I am very sorry to read of the above and I imagine what a difficult position it must be. I will certainly try to clarify your options.
thank you. Based upon what you describe, the trader is in breach of the consumer rights act as they have failed to provide a car that is in satisfactory condition and arguably not fit for purpose. It may also not be as described. In addition, the trader may be guilty of a criminal offence under the road traffic act which makes it an offence to sell a car which is unroadworthy.
In terms of steps you have taken to date, providing the notices referred to were unequivocal in stating that you were rejecting the vehicle-there is no need to specifically reference the consumer rights act which you may have done so-then they will amount to what is known as a notice of short-term rejection under the consumer rights act. Providing there is cause for the rejection which presumably you have referred to as you have referred in your summary above, on receipt of the notice, the trader must refund you the purchase price of the vehicle without deduction. You may also claim any consequential losses you have suffered as a direct result such as inspection costs, alternative transportation costs and so on.
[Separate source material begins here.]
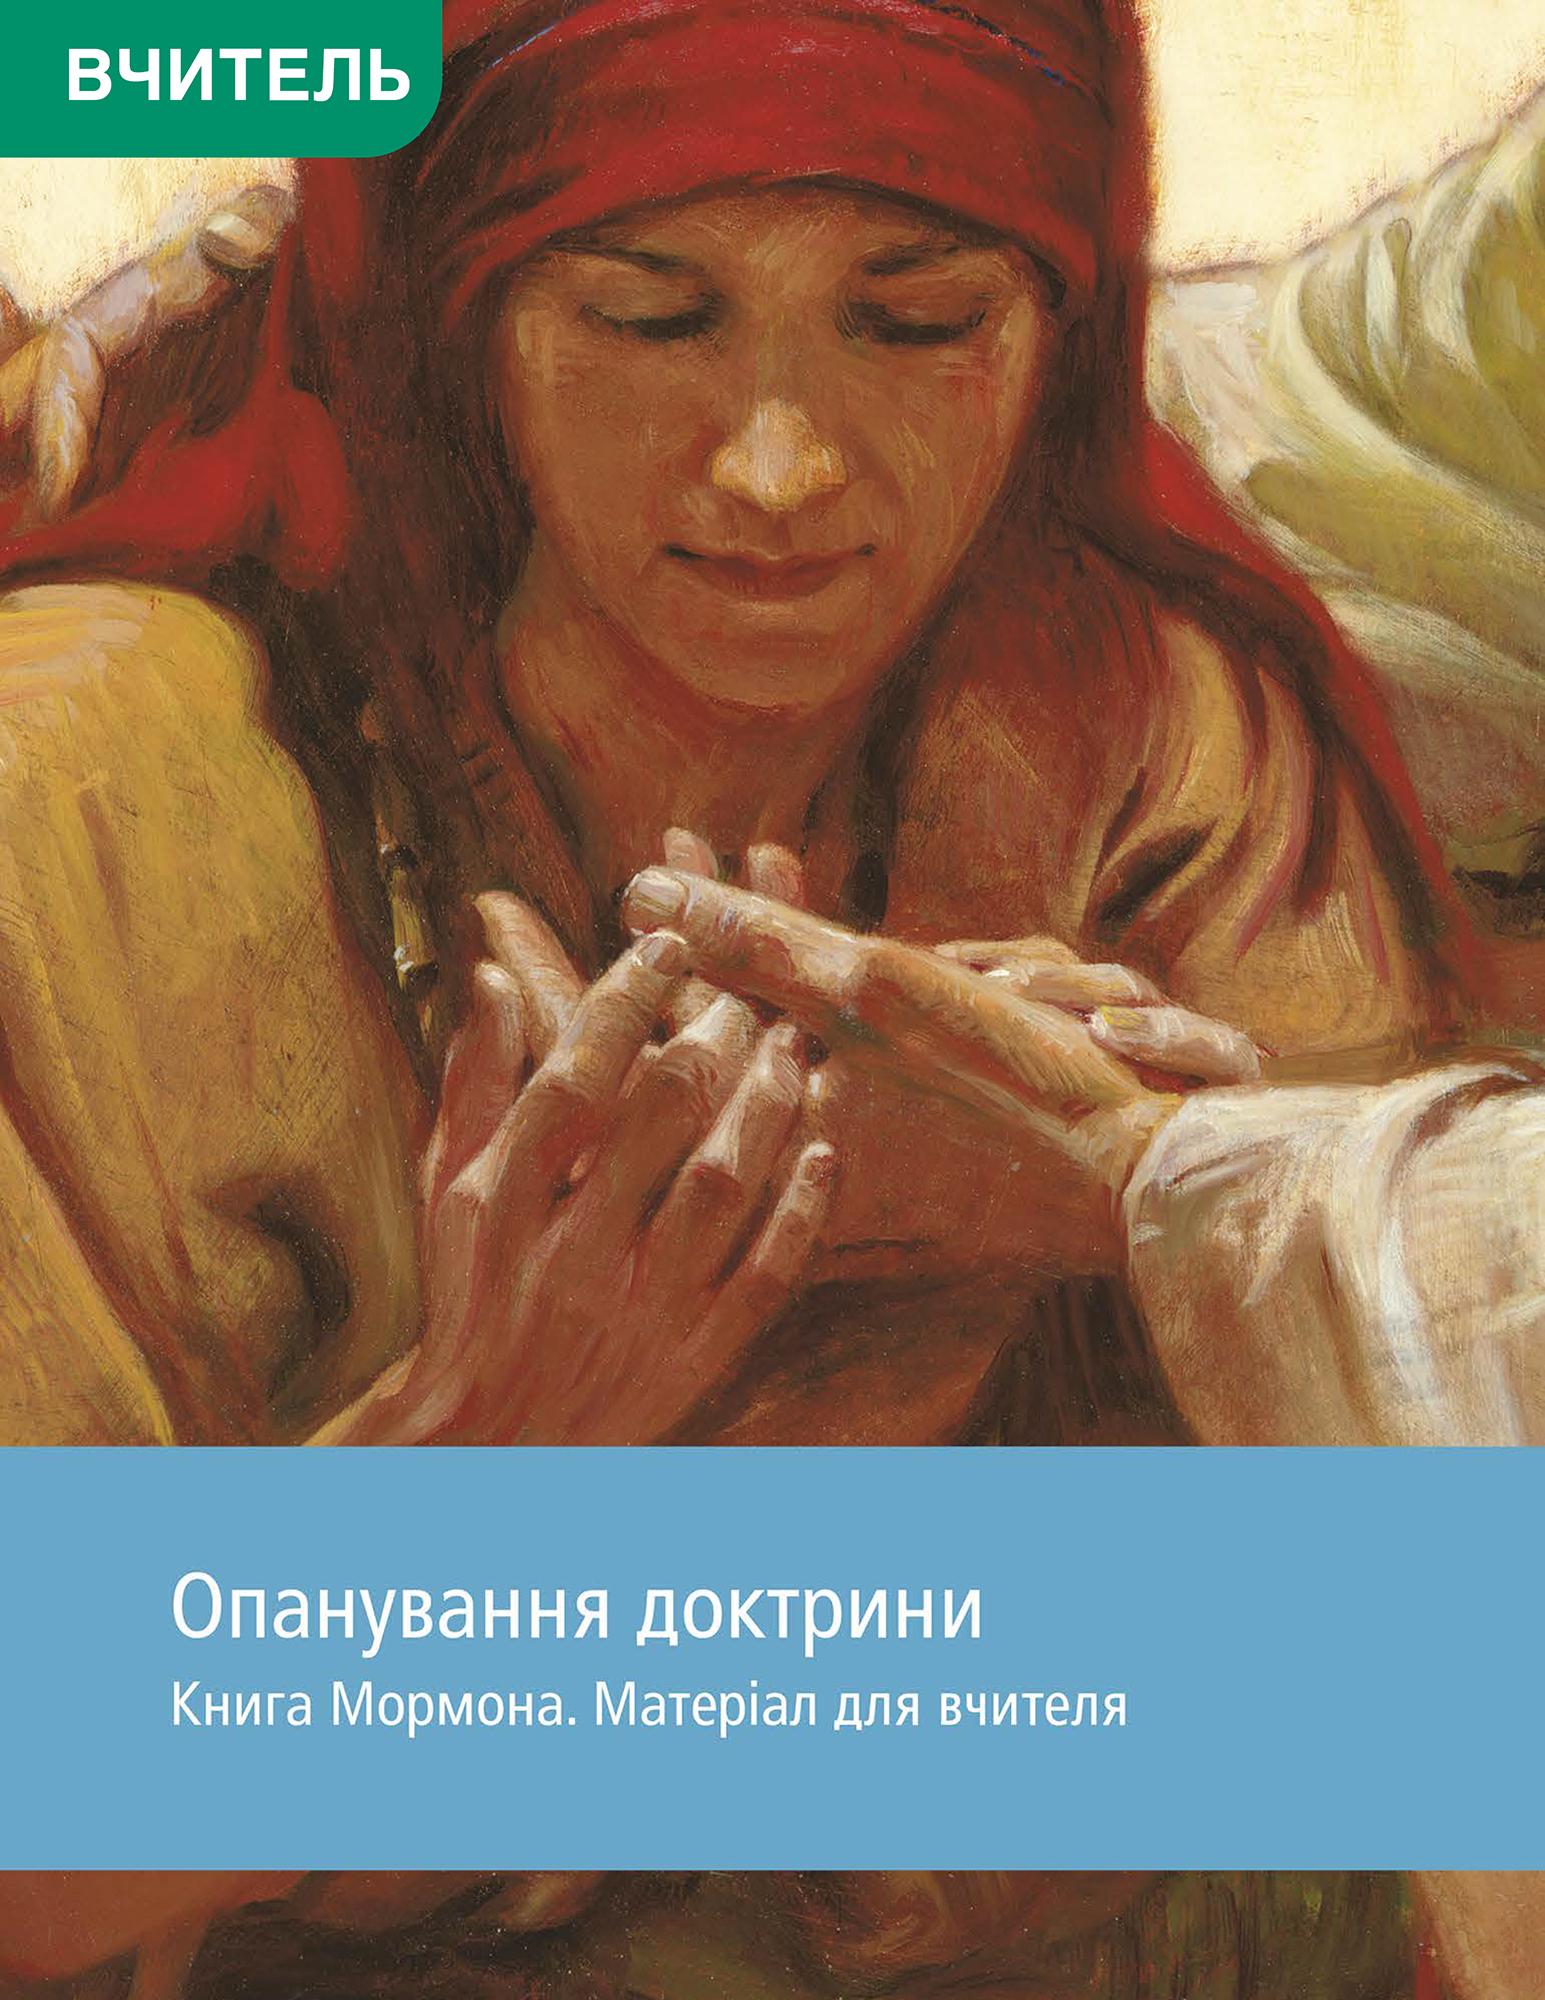 Книга Мормона. Путівник для студентів семінарії домашнього навчання

As regards ***** ***** reclaim your money, it will depend upon how you paid. If you pay by credit or debit card, then you are likely to be able to contact your card issuer to seek a charge back in respect of the monies paid. If you paid by bank transfer or cash or anything similar, then you may need to issue proceedings in the County court if the trader refuses to refund you the monies. the fact that the vehicle is an imported car from the US makes no difference so far as I can see
there is no specific need to drag the process out. The position is that you have served a notice of rejection under the consumer rights act which triggers a requirement that the trader refund you including the traded in vehicle or money equivalent thereof if it cannot be returned to you and as such, at this point, you can look to serve a letter before action. in terms of the notice. You should consider giving under a letter before action, you should consider at least seven days if not 14 days notice before commencing legal proceedings in the County Court.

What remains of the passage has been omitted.